Meandering to the couch, I flicked on a lamp and plopped onto the cushions, watching crumbs bounce at the impact.

As I lay in the quiet room, my head churned with thoughts and my body thrummed.

I wish I had a pad of paper, because the pros-and-cons list in my mind kept getting smudged and erased as emotions ebbed and flowed through me.

My heart was 100 percent there—had been since I fell hard on our cruise.

Was already there as I pined over him all summer.

And it was there when I laid eyes on him on the first day of school.

He had me. But he also had Abi. He had grief to process.

He had battles to fight, and as small in comparison as it sounded, I had an important promotion at stake.
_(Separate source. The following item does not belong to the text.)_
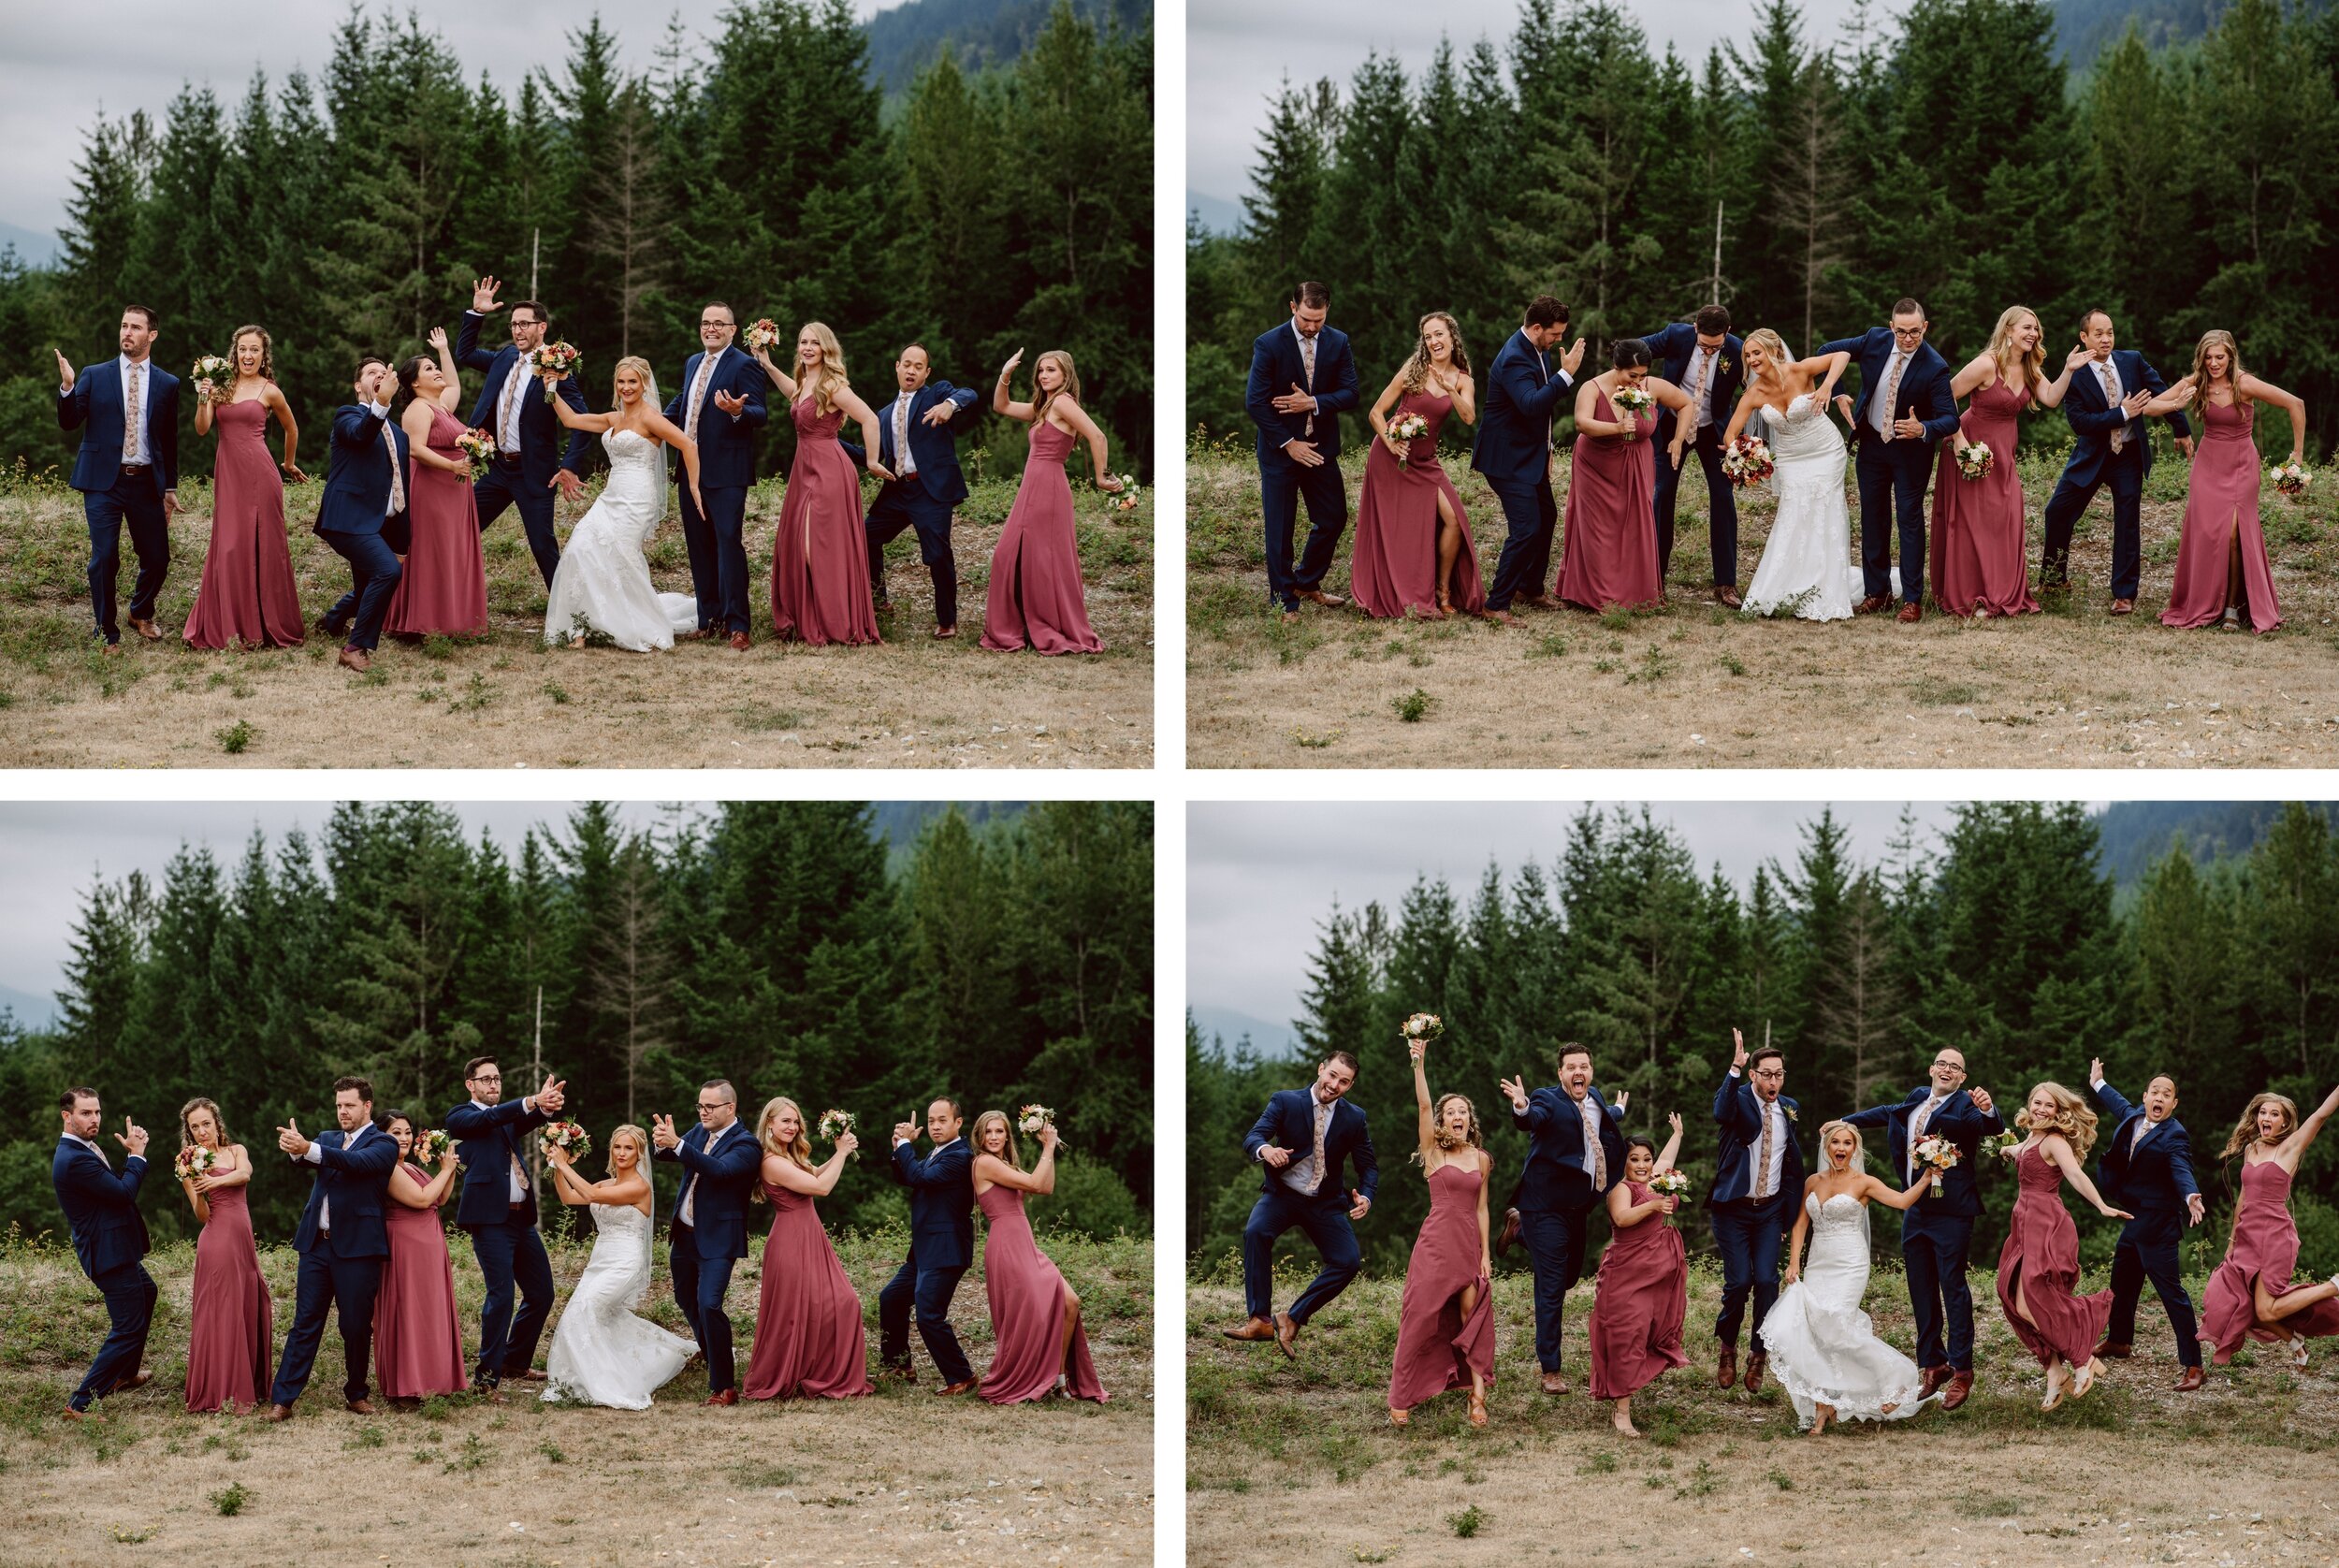 Bride and groom with their wedding party doing several different silly poses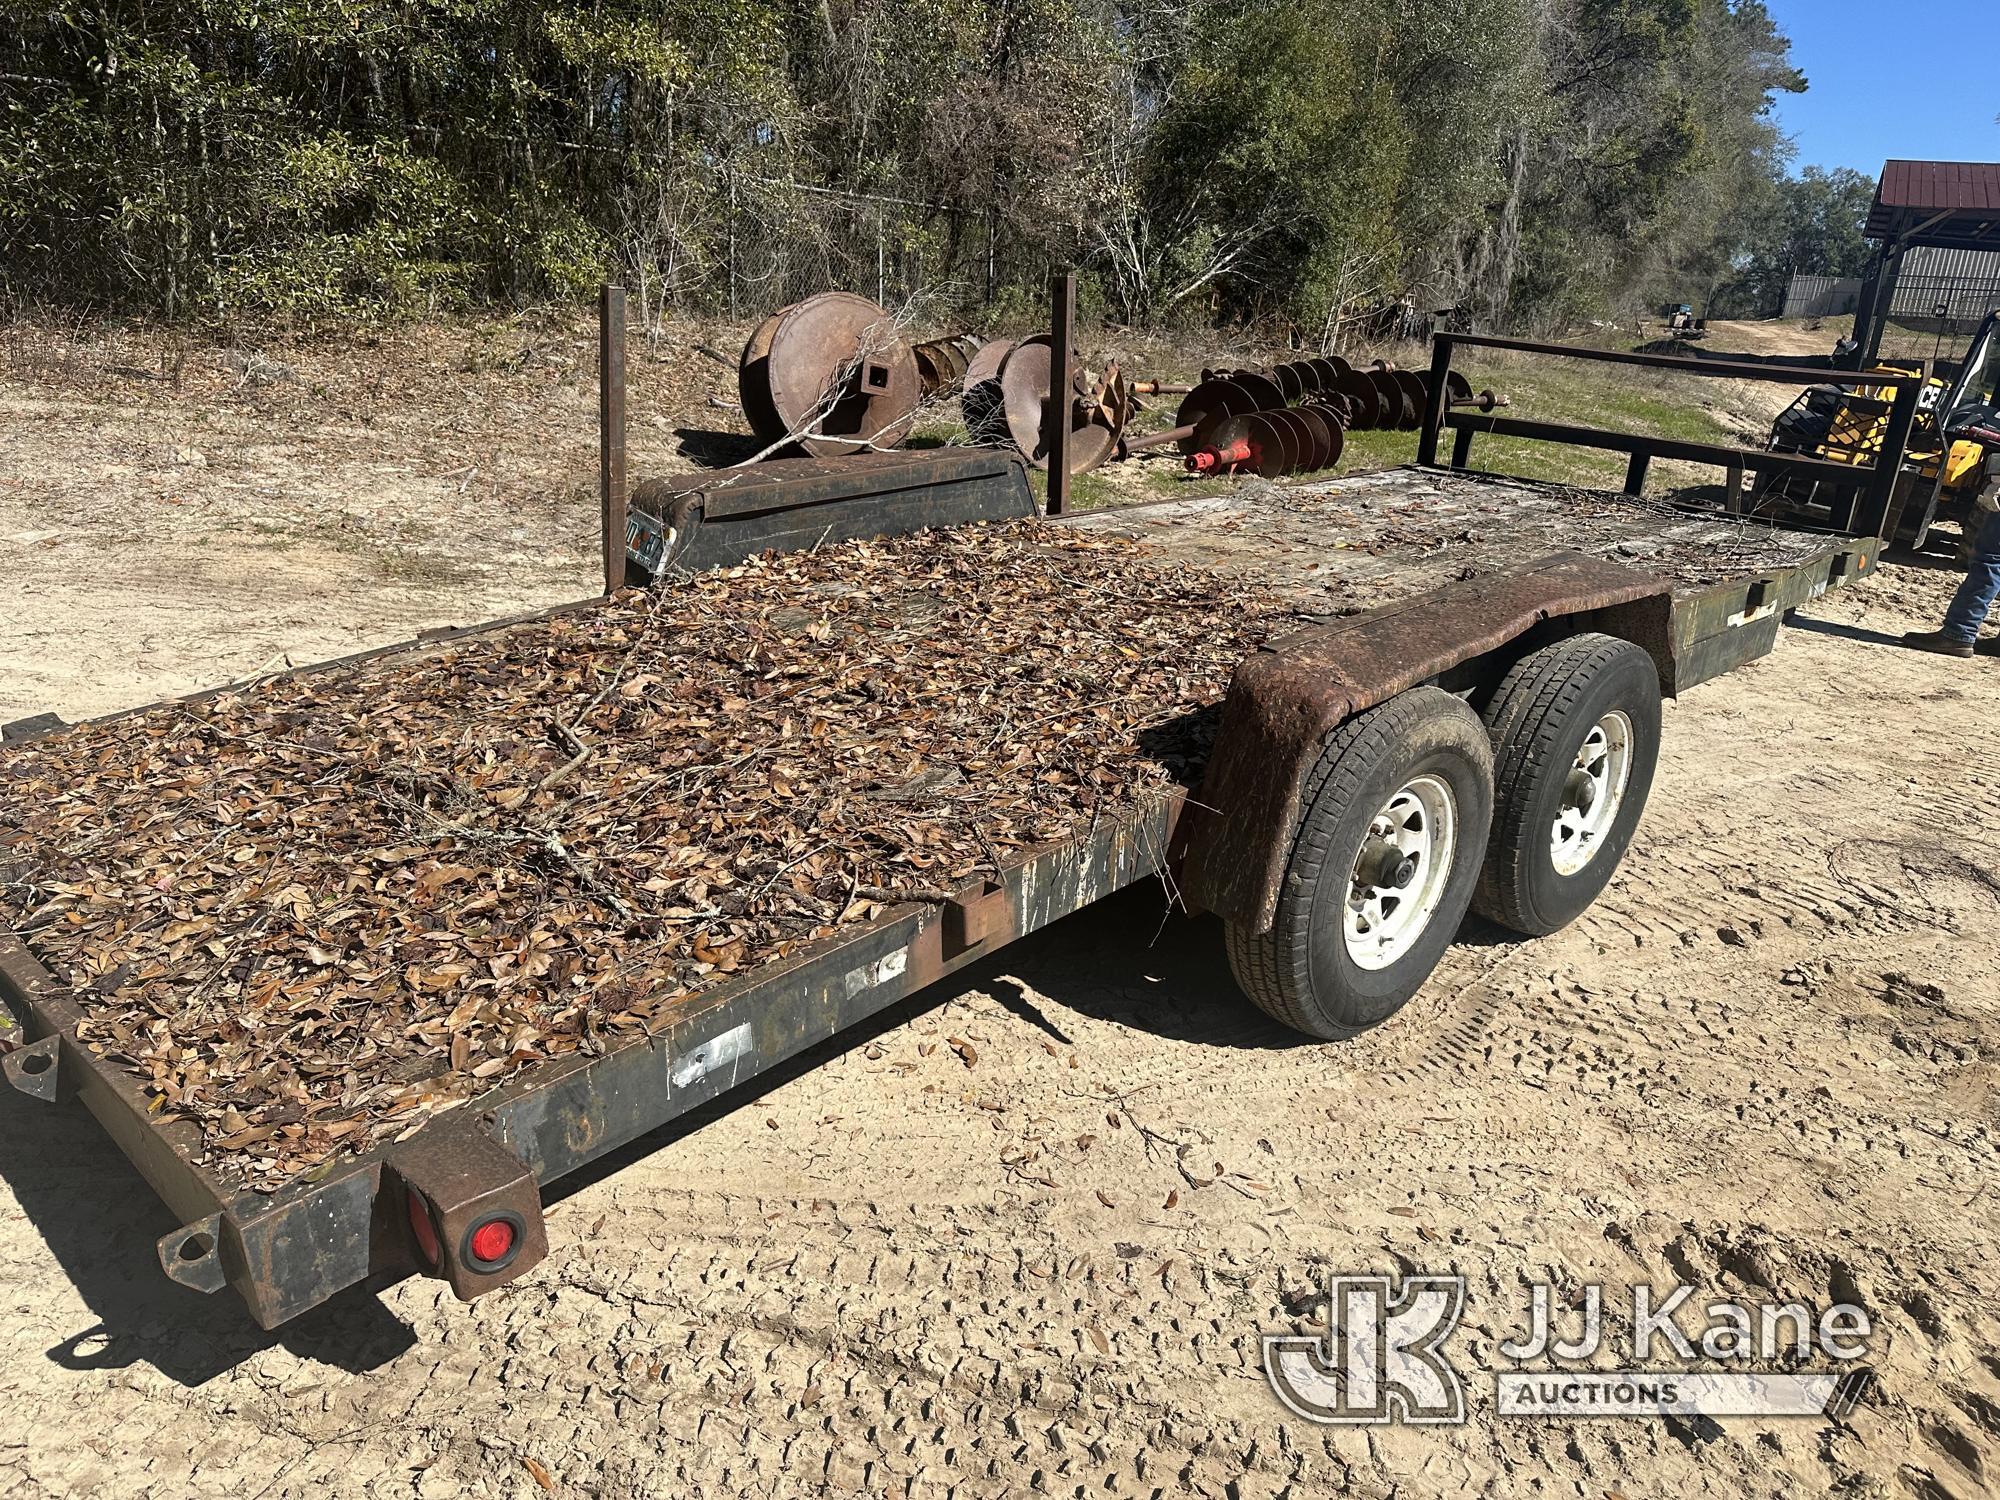 (Pensacola, FL) 2000 Anderson 10-Ton T/A Tagalong Trailer No Title) (Rust Damage, Missing Ramps

One that meant so much to me.

With the exhaustion of it all, I began nodding off a few times and eventually let myself snooze.

When I woke, I checked my phone, finding it had been an hour.

I slipped down the hallway and peeked into Abigail’s room.

She was fast asleep, her blanket tugged up to her chin, Cheeto and three other animal friends I’d never met tucked in on both sides of her.

Reed was sitting on the floor, his head resting on the bed, fast asleep.

His hand still reached out, holding Abi’s.

I realized two things as I stood in the doorway and took them in. First, Reed’s “Dad Energy” was far more dangerous than any flirtations or heated moments between us—even the oiled and shirtless ones.